Eid Mubarak. Definitely I am failing my reading list miserably; the pile of unread material keeps growing and there just aren't enough hours in the day, or perhaps time management skills are seriously lacking. Nonetheless, rummaging through the pile came across the Coursera Global Skills Index (GSI) 2019, which they probably issued somewhere in March 2019.
This was their inaugural edition and they benchmarked 60 countries across business, technology and data science skills; reading through the report they issued, one almost wishes that Pakistan shouldn't have opted for the GSI, if at all there was an option.
Perhaps our rankings are the reason that the GSI was not discussed in the mainstream media at all, at least to my knowledge; except if we do not attack our short comings head on, we will remain where we are forever, unskilled.
So this is an attempt to highlight the ranking to those who can do something about it; and I sure hope those who matter read this. The key finding of the GSI is that there is a critical need to up-skill the global workforce; Pakistan falls in the lagging category in all three disciplines selected by Coursera, to put it mildly.
Ever since we became a consumer economy, and that too with a preference for imported goods, there was always a risk that in the case of domestic industries which were forced to shut down, since they could not compete with foreign manufactures, the relevant skill set would be lost with time.
However there was still positivity, based on assertions by the governments about impressive gains in the federal and provincial vocational training programs; the GSI ranking unfortunately paints a rather gloomy picture.
Of course they can be wrong, or even biased; albeit whatever the case may be, there is a need to get to the bottom of these rankings, because if they are right the Emperor needs to know we are all naked.
In the business category, the GSI ranking is based on competencies in accounting, finance, marketing, sales, management and communication, 6 in all; Pakistan is ranked 57th in this category with only Saudi Arabia, Bangladesh and Egypt trailing us.
At a personal level, the fact that Pakistan scored the lowest in accounting in the Asia Pacific region, 3%, even behind Bangladesh was rather irksome; our accounting Institutes needs to analyze this score, and quickly. Our score in the Sales subcategory was a whopping 0%!
Perhaps this ranking explains why our corporations lack the wherewithal to compete in the international markets and why we do not have a single company in the Forbes 500; and why we cannot construct a high rise in less than 5 years!
Or why all our businesses are dependent on monopoly rent for their profits.
According to an extract from the Pakistan Economic Survey 1979-80, tweeted by a friend who is the research editor with this very publication, the textile industry was under the constant watch of the Government back in those days, since it had not sufficiently responded to the incentives granted to it the year before; even after 50 years the industry needs the Governments help to meet its export targets.
Ease of doing business, or unease, might also have contributed to this horrible ranking, but not having the skills in the first place trumps everything else; and the skills in the business category are rather basic.

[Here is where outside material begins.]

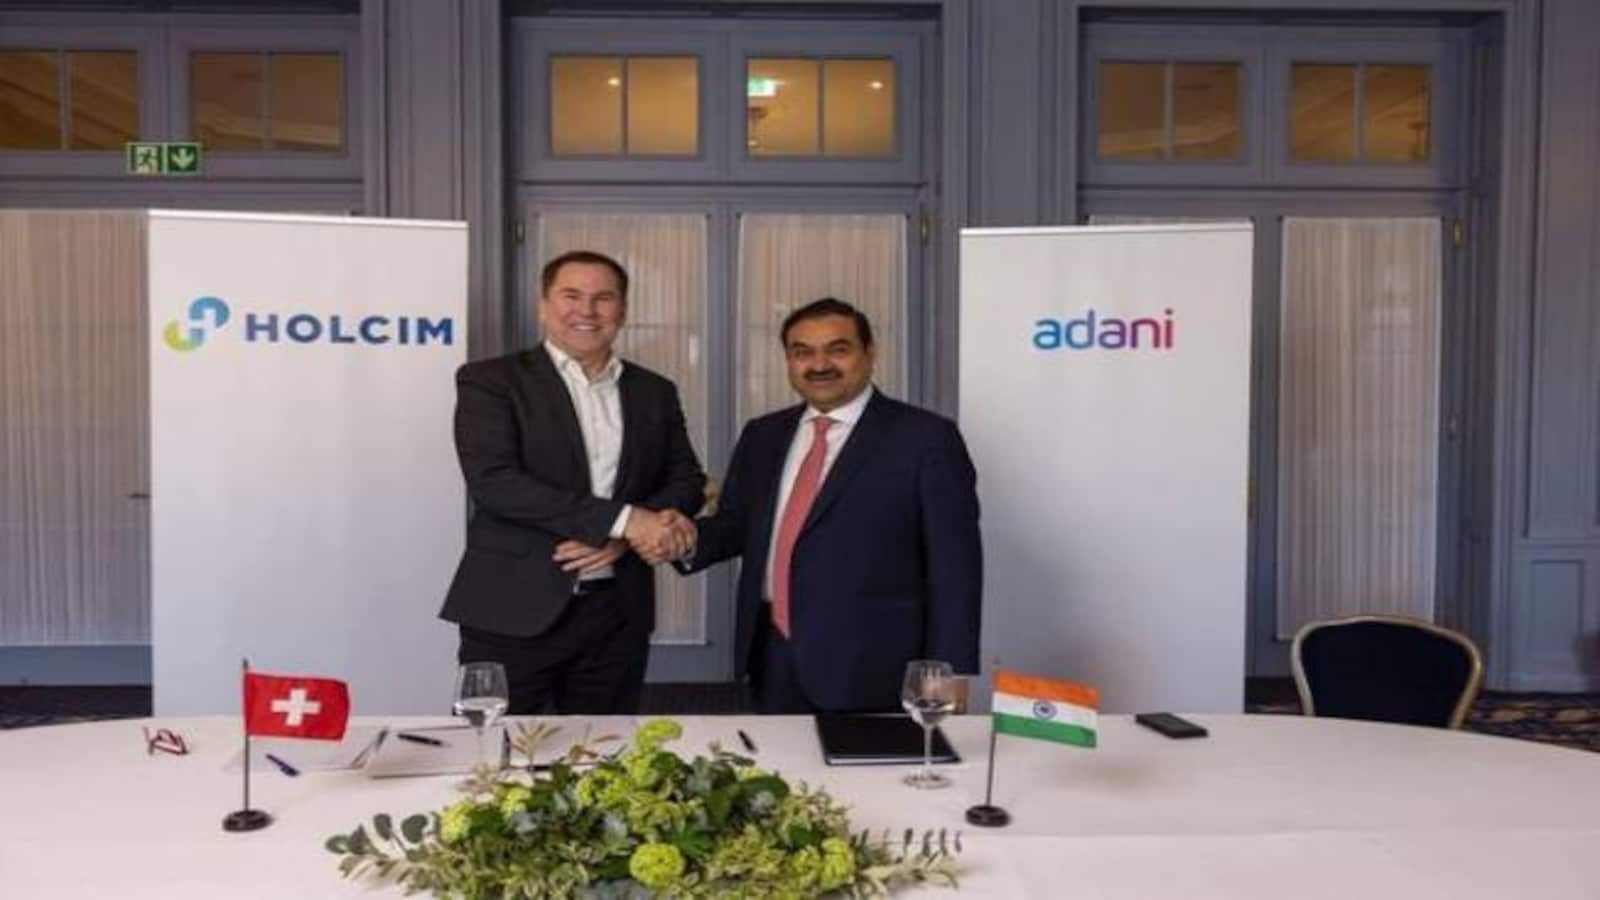 CCI approves Adani Group’s Acquisition of Holcim’s Stake in Ambuja Cements

On the debate over what comes first, infrastructure or education, I have always cast my vote for the latter, and this particular ranking strengthens my view further, without education, no amount of infrastructure will result in economic stability.
And the bad news is yet to come.
The technology category covers computer networking, operating systems, Human Computer Interaction, Databases, security engineering and software engineering; in this Pakistan ranked 59th with an overall score of 2%, only Nigeria is behind us. In the Data sciences category, we score 2% and again are ranked 59th with Nigeria again the only country trailing us; data sciences subcategories include maths, statistics, machine learning, data management, statistical programming and data visualization.
In computer networking, operating systems, data management, machine learning, statistical programming and software engineering we score 2%, or less; I am a dinosaur when it comes to technology so really am unsure how we got these scores but somebody needs to figure out the how and why of this ranking.
Because if these rankings are kosher, then we are barking up the wrong tree with regards to our dreams about economic growth; start-ups and technology companies are completely dependent on skills and we are not going to achieve billions of dollars of software exports with these level of skills.
Thanks to the austerity drive thrust upon us by our creditors, we have slashed our development budget in the hope of reducing our fiscal deficit; nonetheless we perhaps need to spend whatever we have left on training our workers on a war footing, otherwise we as a nation will forever remain unskilled.